Race and prior history of stroke were obtained from the medical records. Patients were determined to have knowledge of stroke symptoms if they correctly named at least one stroke symptom (dizziness, loss of speech, numbness in arms or legs or face, weakness, headache, visual disturbance, paralysis, motor deficit, facial palsy, confusion, or disorientation) in response to an open-ended question.19 Patients were asked whether they had previously been told that they were at high stroke risk and whether they had previously received information about stroke symptoms. Potential barriers to timely access to medical care were established by asking the patient whether any of the following applied to him/her: (1) “didn’t think symptoms were serious,” (2) “didn’t want to bother my physician,” (3) “concern for cost,” (4) “bad prior experience with hospitals/physicians,” and (5) “did not believe there was anything to help me.” Patients were also asked the following: “On a 1 to 10 scale, how urgent did you believe it was that you seek medical care for these symptoms?” Patients giving a response of 10 were considered to express a high sense of urgency and were compared with patients giving a response of 1 through 9. Questions regarding age, living alone, the identity of the person who first noticed symptoms (patient or bystander), time of day of the onset of symptoms, educational level, and location of the patient at the time of symptom onset (eg, at home or work) could be answered by either the patient or a proxy.
Symptom onset was obtained during the interview of the patient or proxy in the ED. If symptoms occurred during sleep, the onset time was the last time known to be symptom free. Time to seeing an ED physician (EP) was defined as the time from arrival in the ED (first time recorded in ED, usually triage or registration) until first being seen by an EP. Time to CT scan was defined as the time from ED arrival to completion of the CT scan. Time to seeing a neurologist was defined as the time from ED arrival until first contact with a neurologist.
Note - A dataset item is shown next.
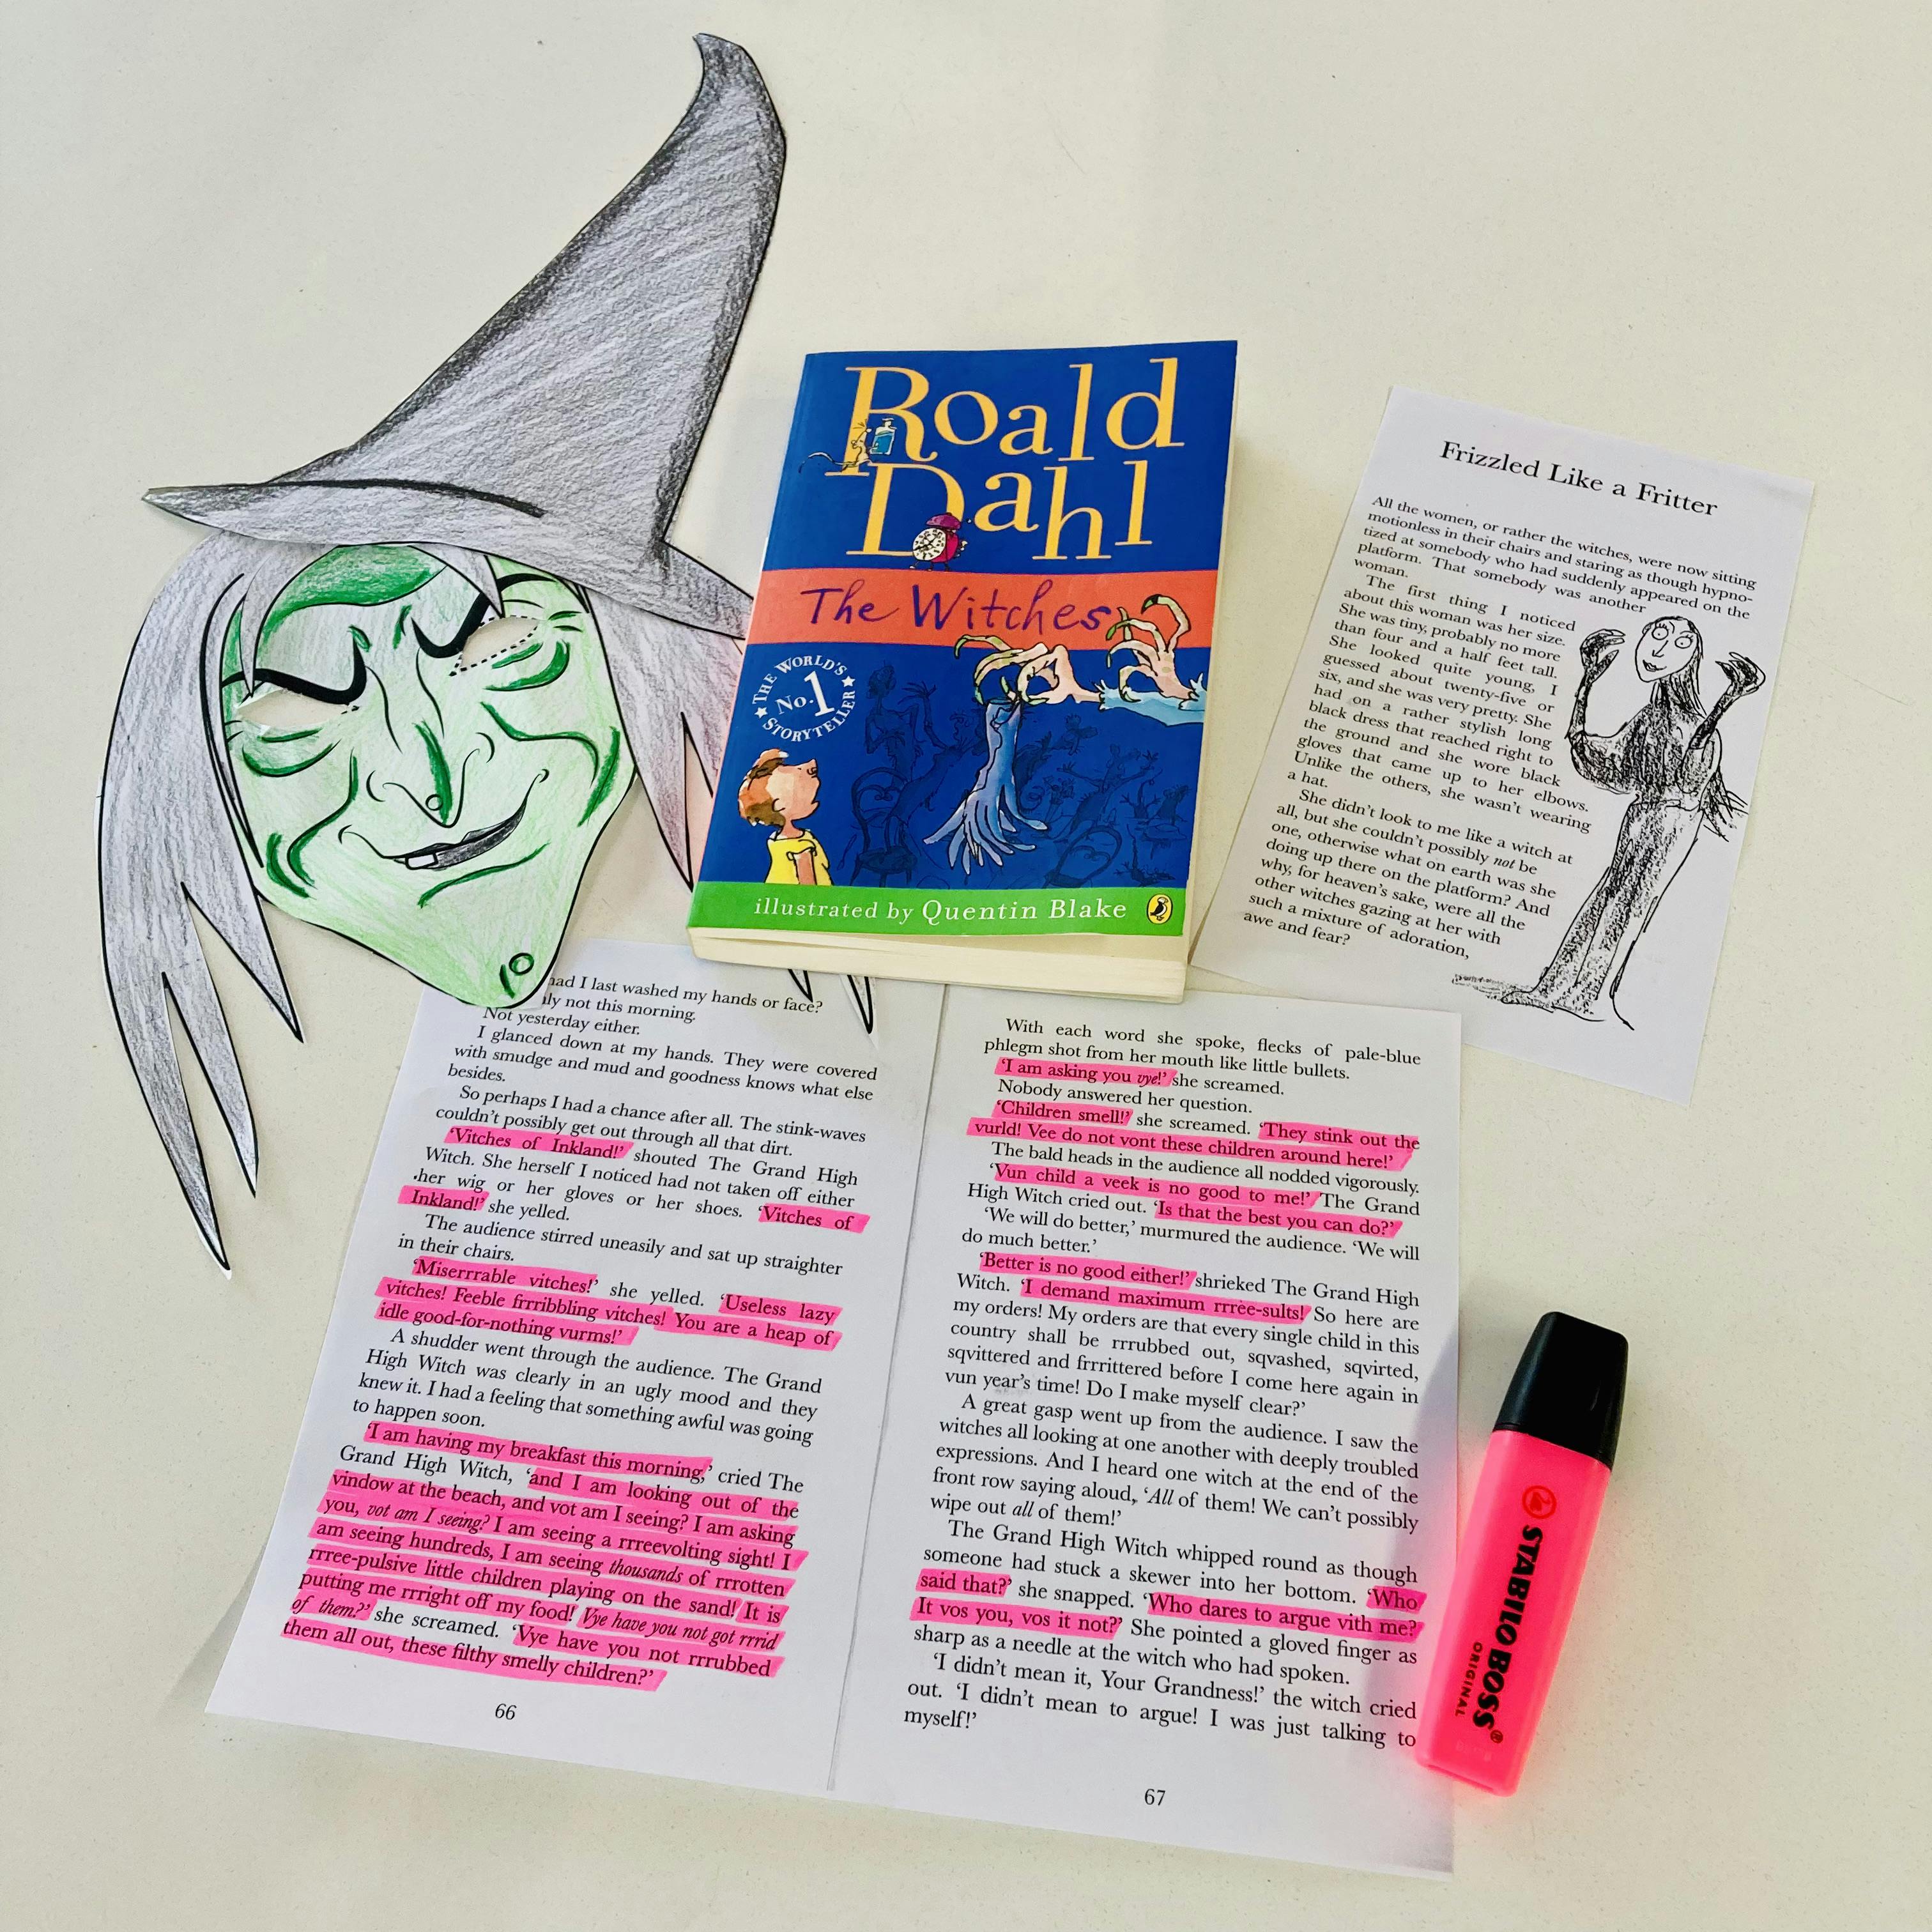 Using Expression With Roald Dahl Characters - The Witches
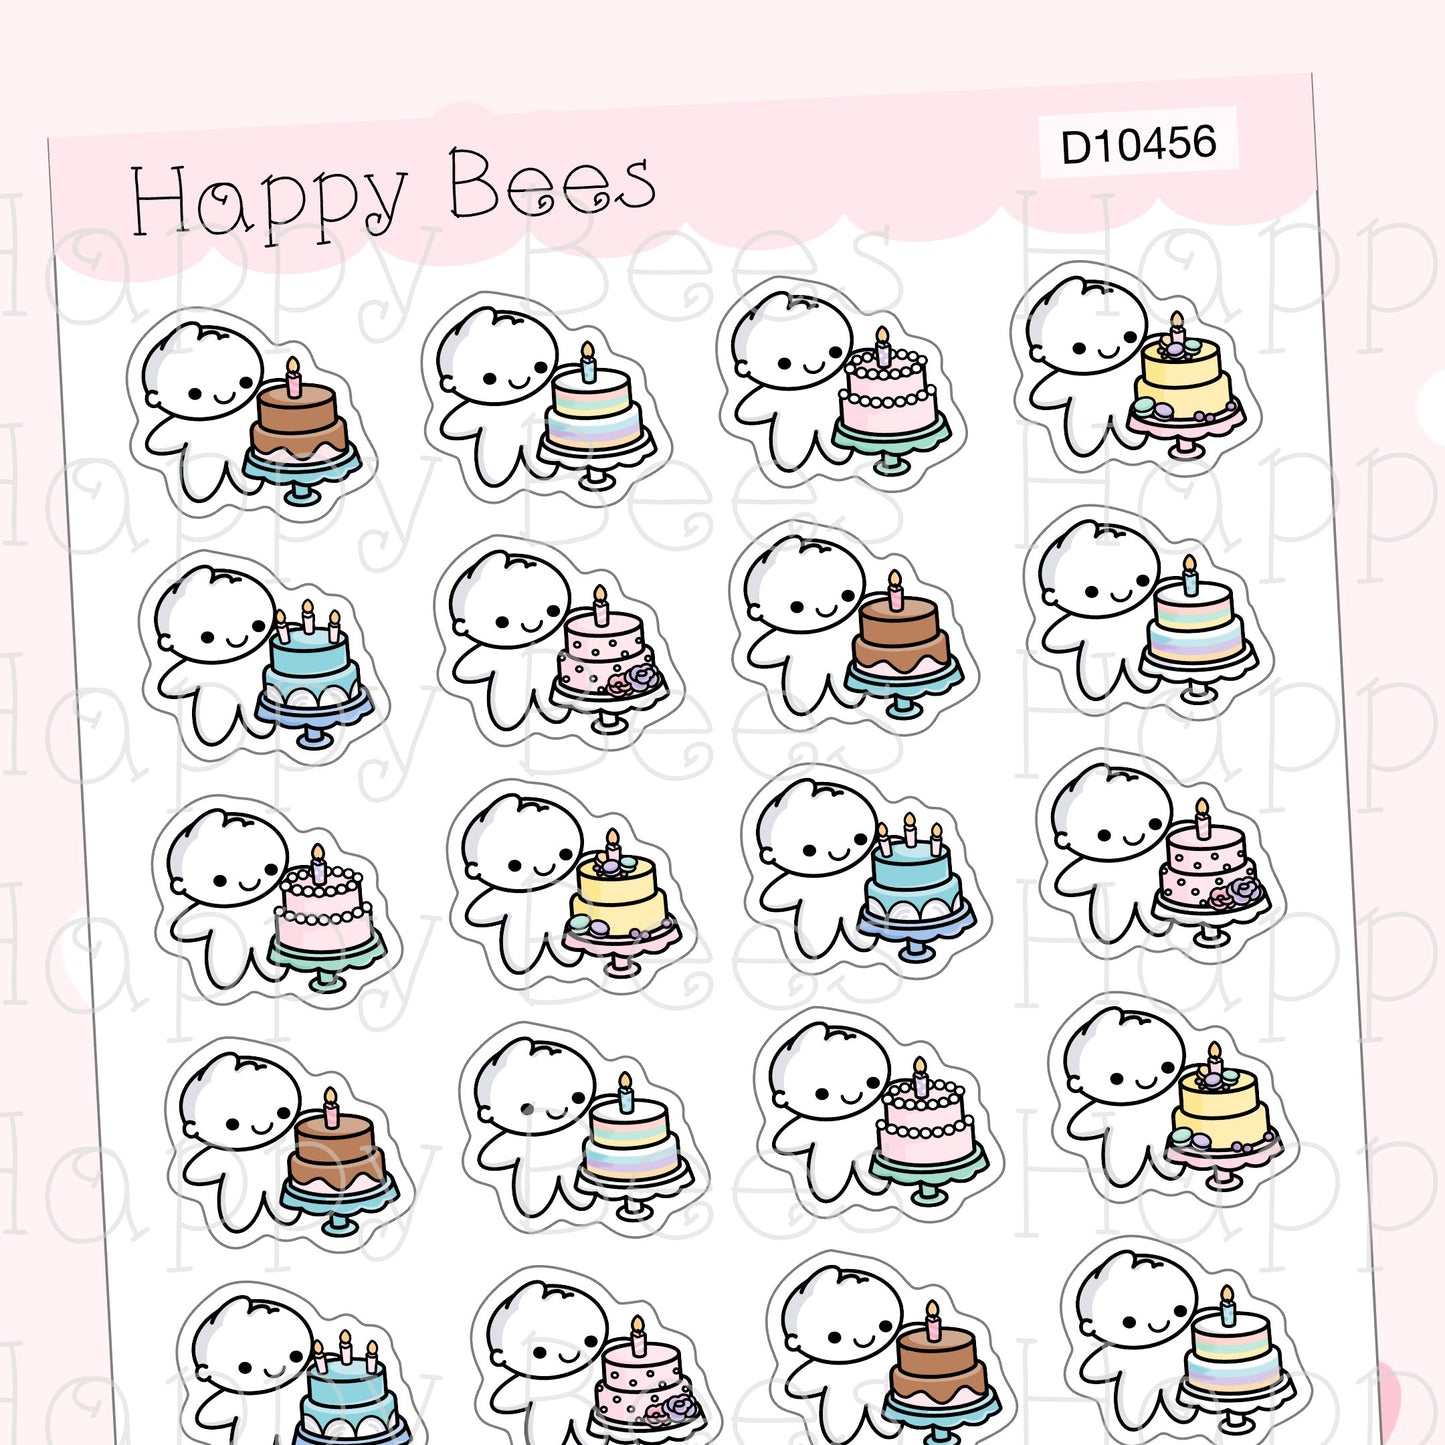 Birthday Cake Doodles  - Cute Celebration Food Planner Stickers D10456

Seven patients with missing information on EMS use were excluded. Fifty-one patients with prehospital delay periods >48 hours were also excluded, leaving 559 patients for these analyses. For statistical tests, an α level of 0.05 was considered statistically significant. Univariate associations of categorical variables with EMS use were evaluated by χ2 tests. Because of the skewed distribution of the delay times, the Wilcoxon rank sum test was used for comparisons of time differences. For multiple pairwise comparisons, the Scheffé method was used, with the corresponding probability value adjusted for multiple comparisons. Associations of factors with EMS use were obtained from multiple logistic regression, adjusted for age and study center. Factors examined were age, sex, race, prior history of stroke, living alone, identity of the person who first noticed symptoms (patient or bystander), stroke type, knowledge of stroke symptoms, having been told that s/he was at high stroke risk, having previously received information about stroke symptoms, 5 potential barriers to seeking care, and sense of urgency. There was insufficient data to determine severity and its association with EMS use. All analyses were performed by use of SAS Version 6.12 (SAS Institute).
Of the 559 patients included in the analysis, 212 (39%) had a diagnosis of ischemic stroke; 21 (4%), intracerebral hemorrhage; 2 (0.4%), subarachnoid hemorrhage; 122 (22%), TIA; and 194 (35%), diagnoses other than stroke. Eight were missing medical records and thus were not given clinical diagnoses. Twenty-five percent of interviews were completed by a proxy. Those participants discharged with a diagnosis other than stroke or TIA had a variety of diagnoses, including migraine, drug toxicity, syncope, seizure, other neurological disorders, and ill-defined conditions. The mean±SD age of the participants was 68±15 years, 56% were female, and 71% were white (Table 1⇓). Forty-eight percent of all participants were transported by EMS.
Twenty-seven percent of participants had a history of stroke (Table 2⇓). Sixty-nine percent of the participants correctly identified at least one stroke symptom in response to an open-ended question. Only 38% of participants reported that they had previously been told that they were at high risk for stroke. Thirty-eight percent of participants reported that they had previously been given information about stroke symptoms. When prompted about concerns that might have contributed to their decision to delay seeking care for their symptoms, the most common was that they did not think that their symptoms were serious (37%). Few patients agreed that worries about the cost of their treatment (12%) or concerns about bothering their physician (13%) were associated with their decision to delay seeking care for their symptoms. However, 45% of those who did not think their symptoms were serious were diagnosed with stroke, and another 25% were diagnosed with TIA.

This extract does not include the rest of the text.